Hello,
I have encountered a problem with the ADC block in LPC1758 in a custom made PCB. While the ADC block works normally with reliable values that allow the vehicle equipped with the PCB to drive smoothly without issues, sporadically and in a non-deterministic way after waking up from power down mode, the ADC block does not produce values any more for at least 1100 cycles of its burst mode period in any of its channels. It is like the block dies. Going back to power down and waking up restores the correct functionality.
During these occurrences both the ready flag(ADC_DR_DONE_STAT) for each channel is not set and the value read is higher than the maximum allowed value(4096) of the ADC.
The ADC is configured to run in burst mode using its maximum frequency of 200k. Though reducing the frequency even by 90% does not have any healing effect on the issue.
Does anybody have encountered any similar issue or have any idea what might cause this sort of behavior?
Hi, Willem,
I suppose that in power-down mode, the ADC module is power-down also, you have to reinitialize the ADC module.

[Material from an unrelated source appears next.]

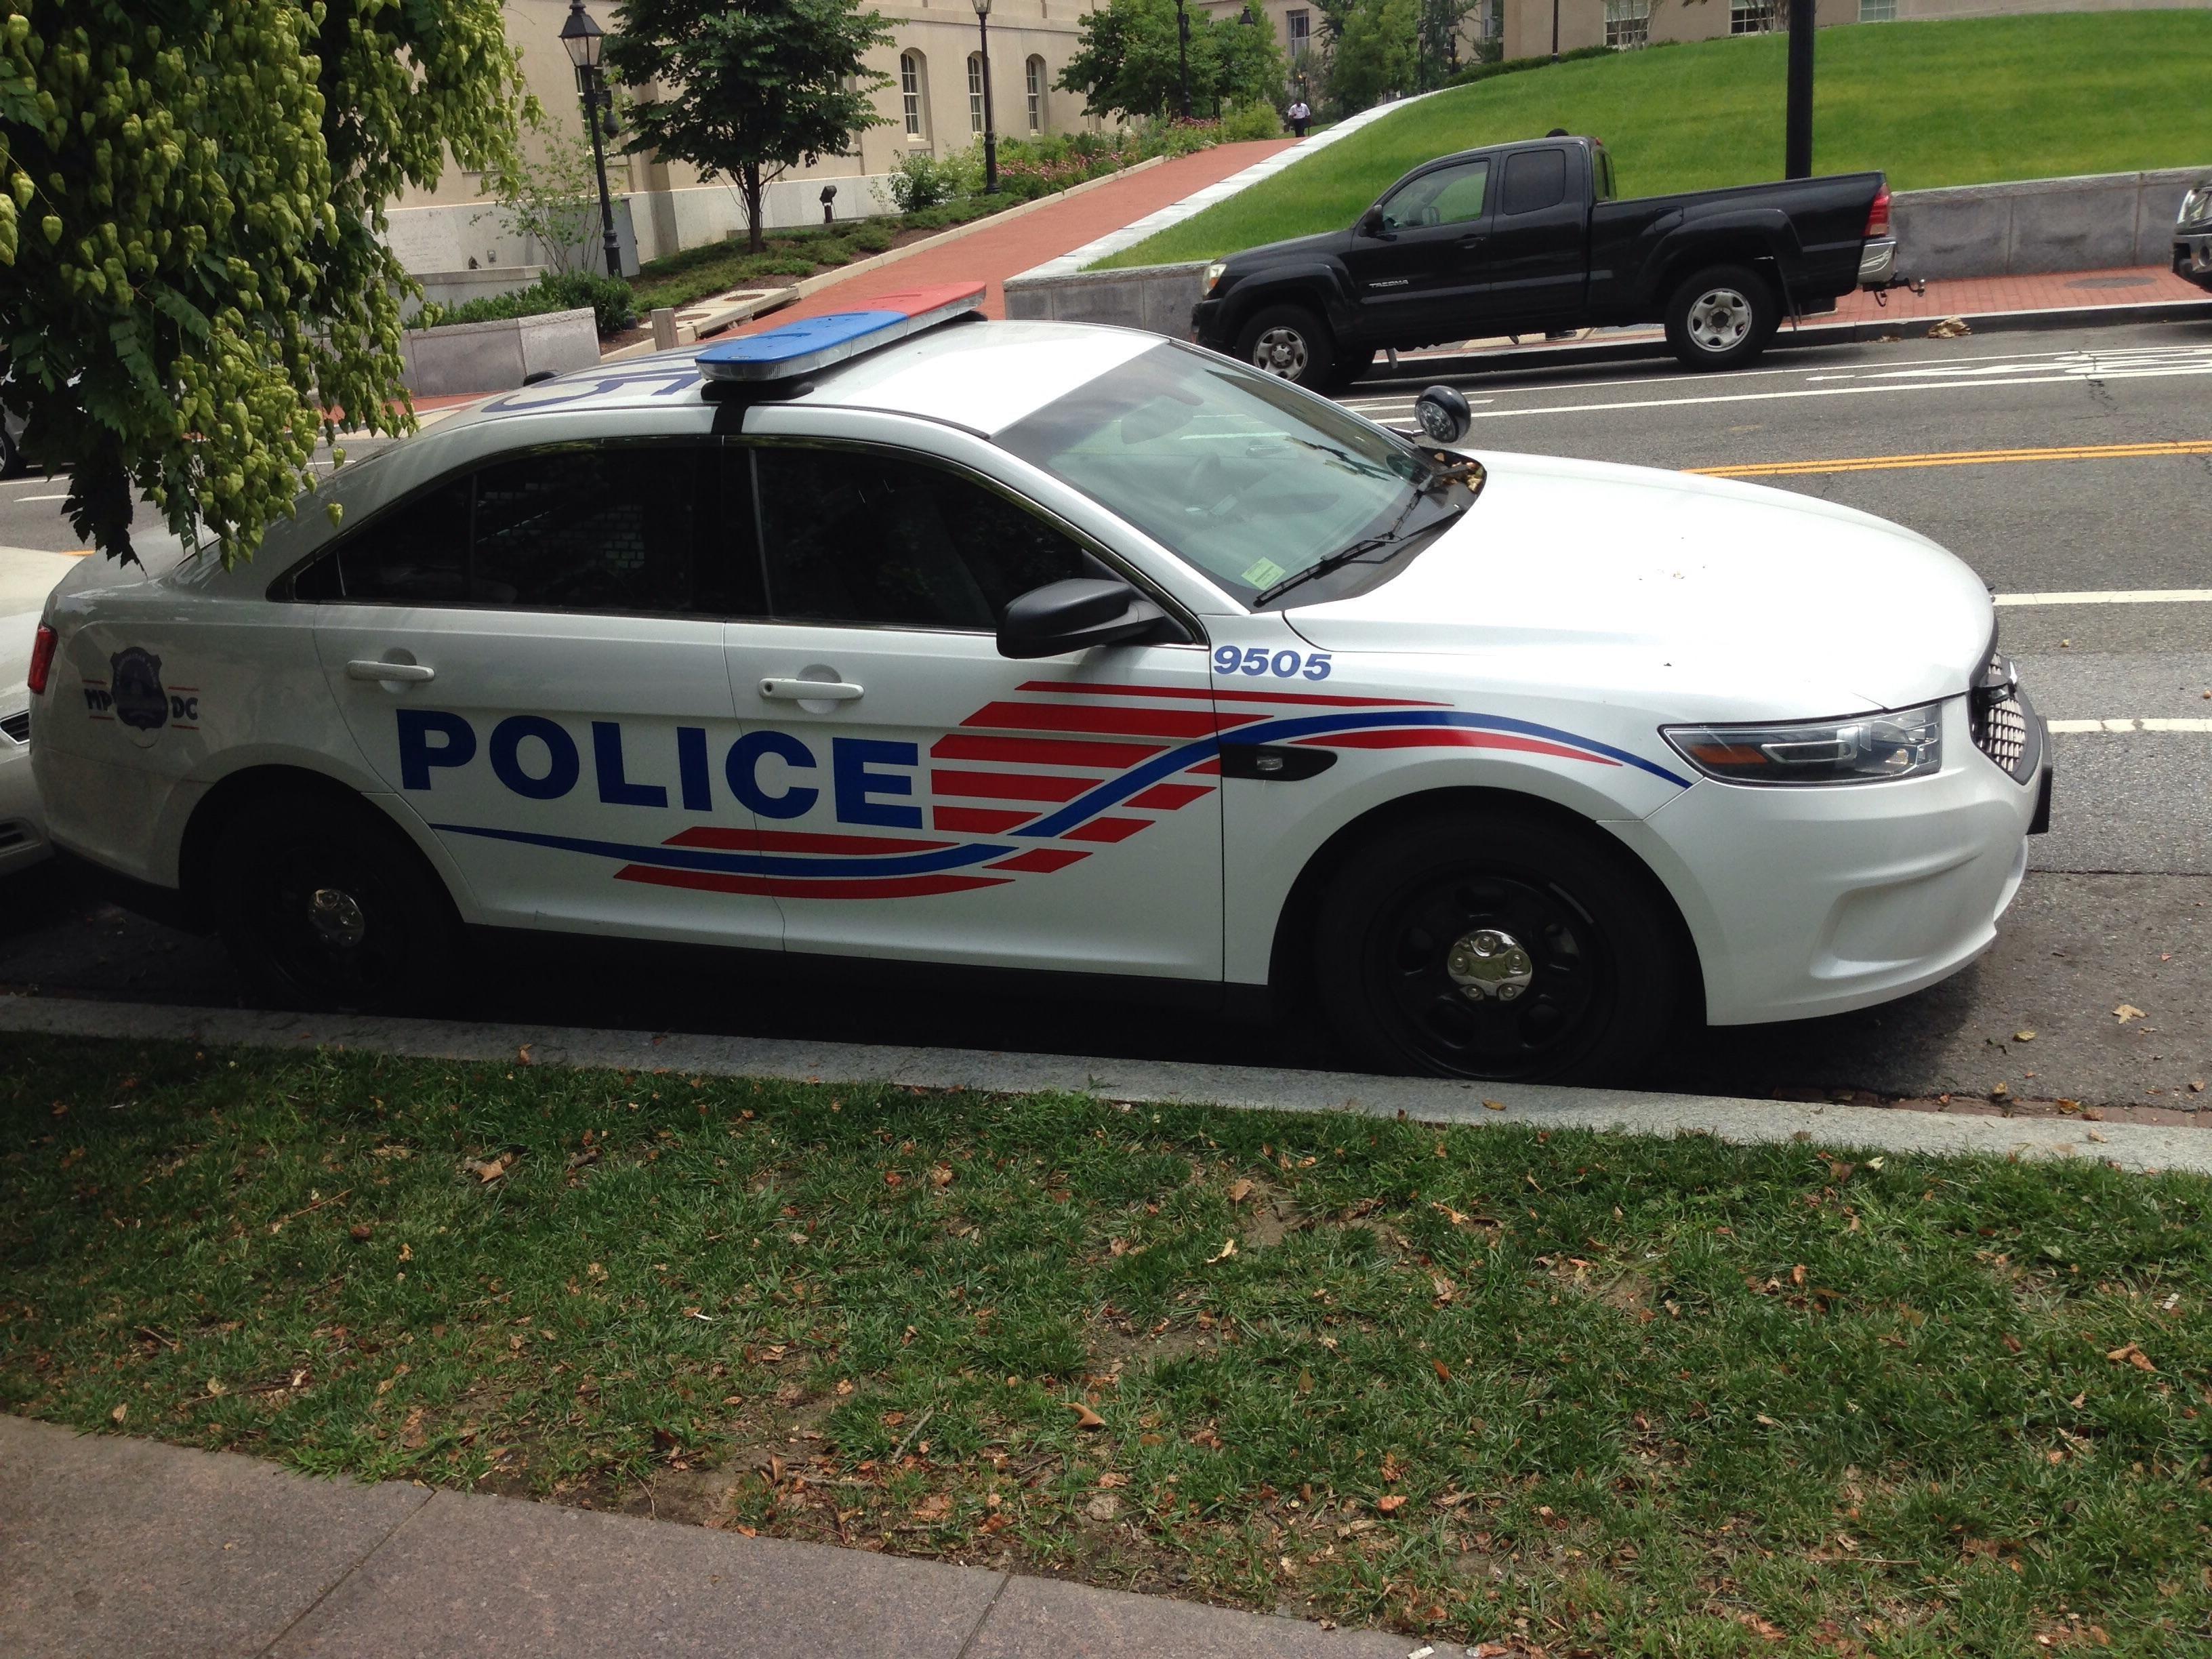 Metropolitan Police Department Ford Police Interceptor Dc Police Cars Police Ford Police
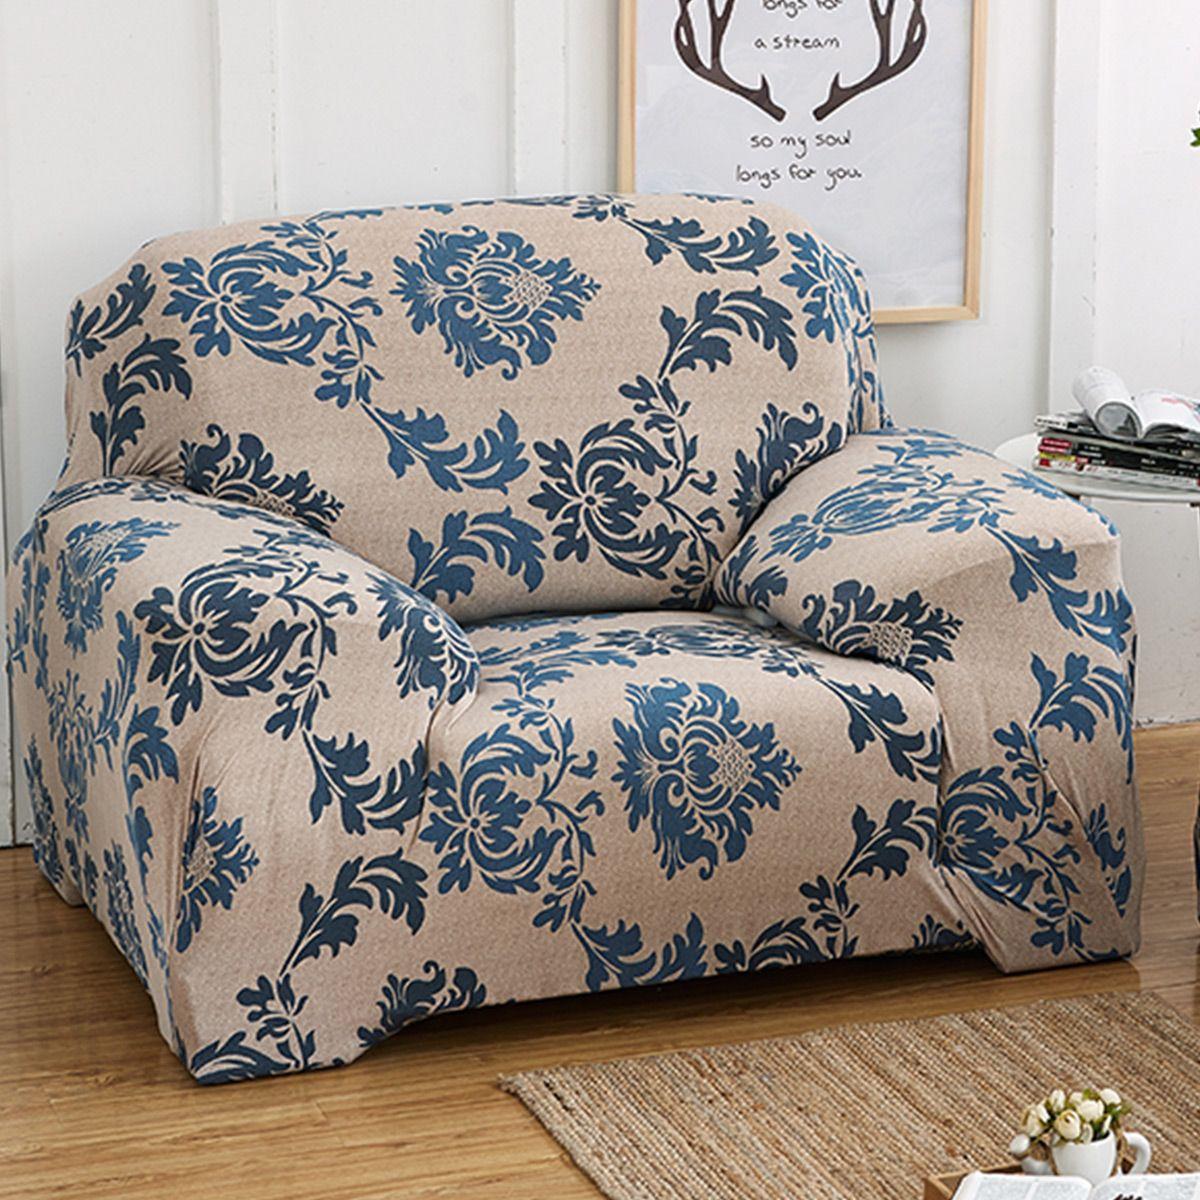 Stretch Fabric One Seater L Shape, TKOOFN Elastic Sofa ...

As you know that the waking-up event can wake-up the LPC1758, this is the process, the waking-up event triggers an interrupt, then it executes ISR and resume to run. So In the waking-up event ISR, you can set a flag, in the main loop, you can poll the flag, if it is set, you know that the LPC has experienced power-down mode and is woke-up, you can reinitialize ADC module,clear the flag, then run normally.
Hope it can help you
BR
XiangJun Rong
Hello XiangJun,
Thank you for your reply. After waking up the GPIO ISR is executed and then the microcontroller is reset initializing all the modules including the ADC again. Except for the issue being encountered sporadically, meaning that most of the times it is not there, which indicates that the ADC is initialized properly as the system is completely functional after that, I have also used some leds available on the board to verify that the microcontroller renters main from the top after waking up.
Hi, Willem,
I think it is a wrong concept that the waking-up event follows up the Reset procedure. As you know that waking-up event from sleep/deep sleep/power-down modes follows up the interrupt process, in other words, assume that the LPC processor is in above low-power mode, when the waking-up event occurs, an interrupt is triggered, the corresponding ISR is executed, after the ISR is finished, the LPC CPU will resume to main loop where it enters the low power mode.
In deep power-down mode, the waking-up event follows up Reset process.
Because the waking-up follows up interrupt process and in power-down mode, maybe the ADC is power-down, so it is necessary to initialize the ADC and clock module in the main or ISR. I suggest you initialize the ADC in the waking-up ISR for simplicity, pls have a try.
Hope it can help you
BR
Xiangjun Rong
Hi Xiangjun,
Thank you again for your reply. As I mentioned in my previous reply I have verified that the Reset ISR is executed by using several LEDs available on the board as indicators for which part of the code is executed and in which order after exiting power down mode. The code indeed renters main but from the Reset ISR and not from the point it entered the power down mode.
In addition to that all the peripherals are de-initialized one by one by the software, meaning they have their clock disabled, before going to power down mode. If the initialization part of main, above the main loop, was not executed it would not be only the ADC module having problems but all the other peripherals used(CAN, SPI, I2C and more).